Difícil julgar imparcialmente neste contexto.
A montagem se estrutura,
então, a partir de quadros realistas que revelam o modo de tratamento destinado
aos presos políticos do “regime”. Os quadros são intercalados por depoimentos
de ambos os personagens (?) que chocam seus “pontos de vista” sobre a
conjuntura nacional naquele período traçando ainda, em alguns momentos, relação
com o atual quadro político do país. Os depoimentos intercalando os quadros realistas
permitem inferir o desejo da montagem em equacionar, de modo imparcial, dados históricos
para que o espectador tire sua própria conclusão sobre o período do governo
militar. Tal procedimento, no entanto, se vê comprometido exatamente pela força
dramática dos quadros, pois eles, como dito anteriormente, induzem à empatia
com a parte mais frágil do embate, isto é, com o torturado.
Não fica claro também
se os depoimentos intercalando os quadros são proferidos pelos atuantes – Demi
e Renan – ou pelos personagens – torturador e torturado. Esta dúvida fragiliza,
sobretudo, a defesa dos argumentos pró “regime militar”, pois soa falso o
discurso exaltando avanços e conquistas na área da economia, saúde e educação.
Assim, mais uma vez, a balança pende a favor de um posicionamento político que
nos induz a reprovação da ditadura militar.

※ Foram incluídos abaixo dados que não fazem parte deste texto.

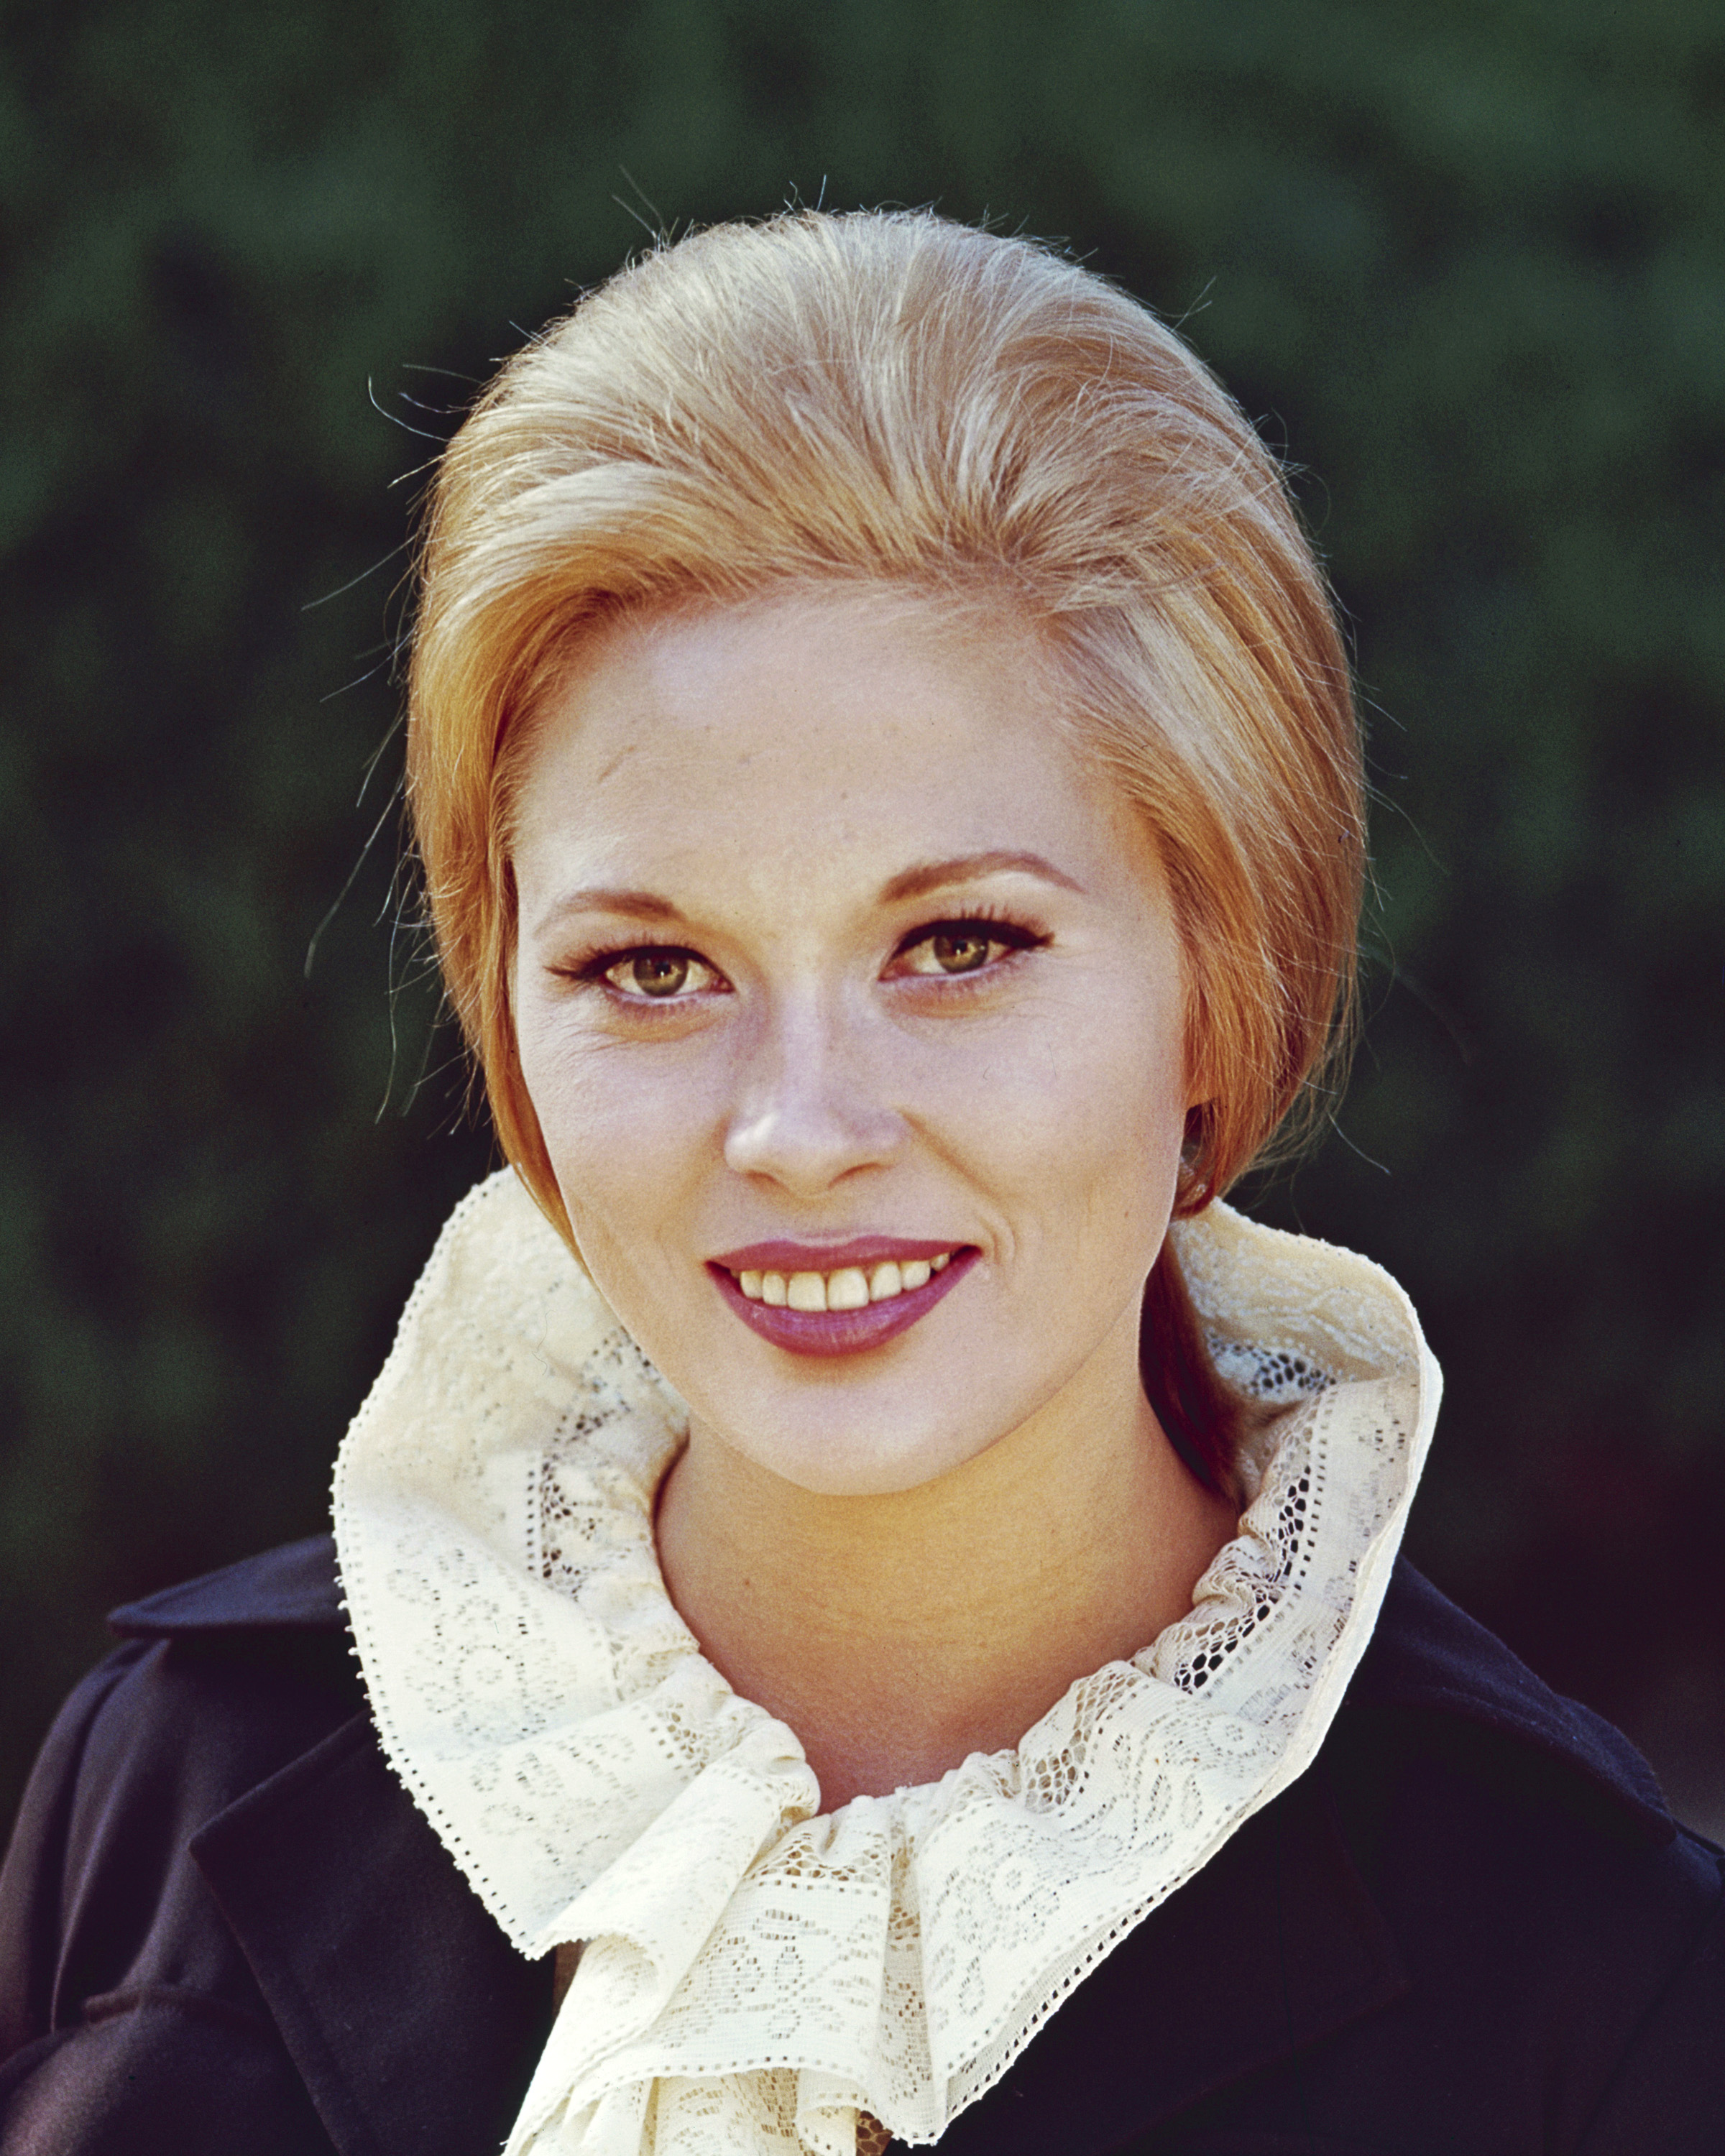 Portrait de Faye Dunaway Faye Dunaway, 1970 | Source : Getty Images

Tomar partido sobre a questão não é
o problema – é importante não esquecer que a imparcialidade científica,
política ou filosófica é um mito –, mas isso depõe contra a montagem na medida
em que a mesma deseja que o próprio espectador julgue e tire sua conclusão
sobre o tema.
Considerações
em primeira pessoa
Os quadros realistas
que a montagem apresenta, embora mantenham certo grau de fidelidade com os
fatos históricos – e aqui se encontra um grande mérito da montagem – , não me
comovem, atravessam ou me provocam a pensar sopre o tema por um lugar novo. A
sensação de “mais, do mesmo” se impõe à medida que os quadros são apresentados.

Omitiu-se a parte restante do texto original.